Allah SWT berfirman:

Surah Al-An’am Ayat 151

قُلْ تَعَالَوْا أَتْلُ مَا حَرَّمَ رَبُّكُمْ عَلَيْكُمْ أَلَّا تُشْرِكُوا بِهِ شَيْئًا ۖ وَبِالْوَالِدَيْنِ إِحْسَانًا ۖ وَلَا تَقْتُلُوا أَوْلَادَكُمْ مِنْ إِمْلَاقٍ ۖ نَحْنُ نَرْزُقُكُمْ وَإِيَّاهُمْ ۖ وَلَا تَقْرَبُوا الْفَوَاحِشَ مَا ظَهَرَ مِنْهَا وَمَا بَطَنَ ۖ وَلَا تَقْتُلُوا النَّفْسَ الَّتِي حَرَّمَ اللَّهُ إِلَّا بِالْحَقِّ ۗ ذَٰلِكُمْ وَصَّاكُمْ بِهِ لَعَلَّكُمْ تَعْقِلُونَ

“Katakanlah (Muhammad), ‘Marilah aku bacakan apa yang diharamkan Tuhan kepadamu.
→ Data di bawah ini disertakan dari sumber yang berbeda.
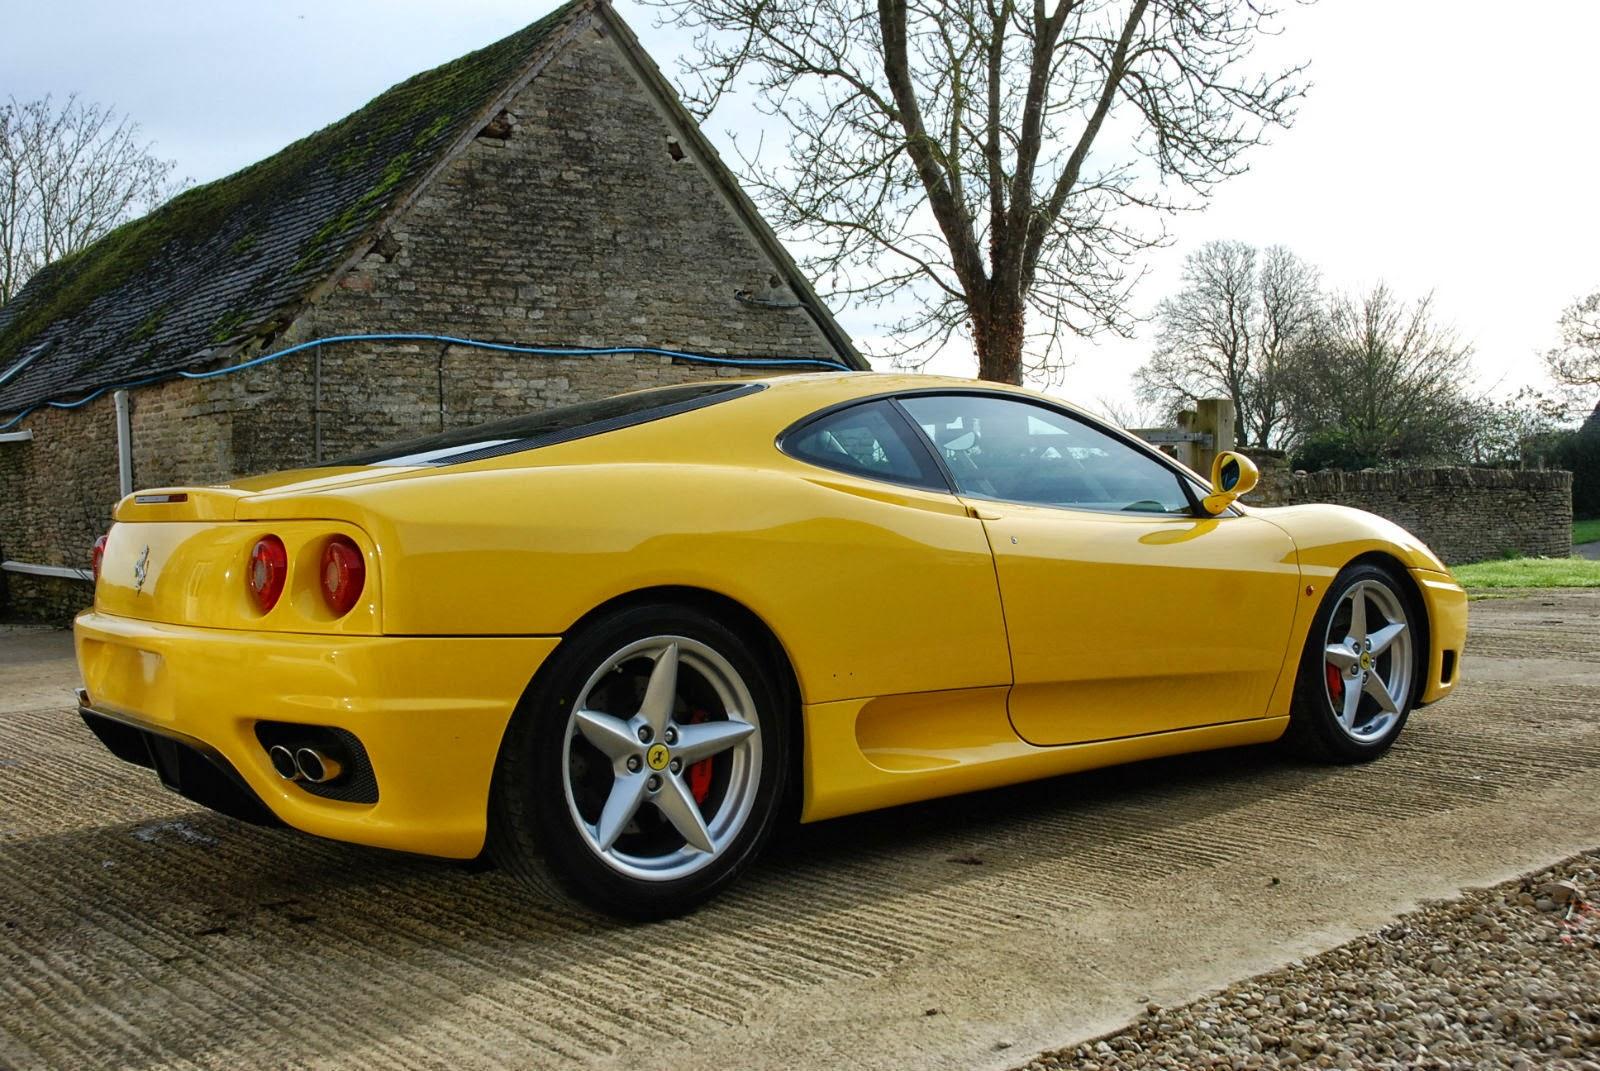 Yellow Ferrari 360 Modena 2001 Auto Restorationice

Janganlah mempersekutukan sesuatu dengan Dia, berbuat baiklah kepada kedua orang tua, janganlah membunuh anak-anakmu karena miskin – Kamilah yang memberi rezeki kepadamu dan kepada mereka –, janganlah kamu mendekati perbuatan-perbuatan yang keji, baik yang terlihat maupun yang tersembunyi, dan janganlah kamu membunuh jiwa yang diharamkan Allah kecuali dengan alasan yang benar.’ Demikianlah Dia memerintahkan kepadamu agar kamu mengerti.”

Surah Al-An’am Ayat 152

وَلَا تَقْرَبُوا مَالَ الْيَتِيمِ إِلَّا بِالَّتِي هِيَ أَحْسَنُ حَتَّى يَبْلُغَ أَشُدَّهُ ۖ وَأَوْفُوا الْكَيْلَ وَالْمِيزَانَ بِالْقِسْطِ ۖ لَا نُكَلِّفُ نَفْسًا إِلَّا وُسْعَهَا ۖ وَإِذَا قُلْتُمْ فَاعْدِلُوا وَلَوْ كَانَ ذَا قُرْبَى ۖ وَبِعَهْدِ اللَّهِ أَوْفُوا ۚ ذَٰلِكُمْ وَصَّاكُمْ بِهِ لَعَلَّكُمْ تَذَكَّرُونَ

“Dan janganlah kamu dekati harta anak yatim, kecuali dengan cara yang lebih bermanfaat, hingga dia dewasa. Sempurnakanlah takaran dan timbangan dengan adil. Kami tidak membebani seseorang melainkan sesuai dengan kesanggupannya. Apabila kamu berkata, hendaklah adil, sekalipun terhadap kerabatmu, dan penuhilah janji Allah. Demikianlah Dia memerintahkan kepadamu agar kamu ingat.”

Surah Al-An’am Ayat 153

وَأَنَّ هَٰذَا صِرَاطِي مُسْتَقِيمًا فَاتَّبِعُوهُ ۖ وَلَا تَتَّبِعُوا السُّبُلَ فَتَفَرَّقَ بِكُمْ عَنْ سَبِيلِهِ ۚ ذَٰلِكُمْ وَصَّاكُمْ بِهِ لَعَلَّكُمْ تَتَّقُونَ

“Dan sungguh, inilah jalan-Ku yang lurus, maka ikutilah dia. Janganlah kamu mengikuti jalan-jalan lain, karena (jalan-jalan itu) akan menceraiberaikan kamu dari jalan-Nya. Demikianlah Dia memerintahkan kepadamu agar kamu bertakwa.”

Sepuluh Wasiat Ilahi

Dari ayat-ayat ini lahirlah sepuluh sifat orang beriman:

  1. Tidak menyekutukan Allah.

  2. Berbakti kepada orang tua.

  3. Tidak membunuh anak karena takut miskin.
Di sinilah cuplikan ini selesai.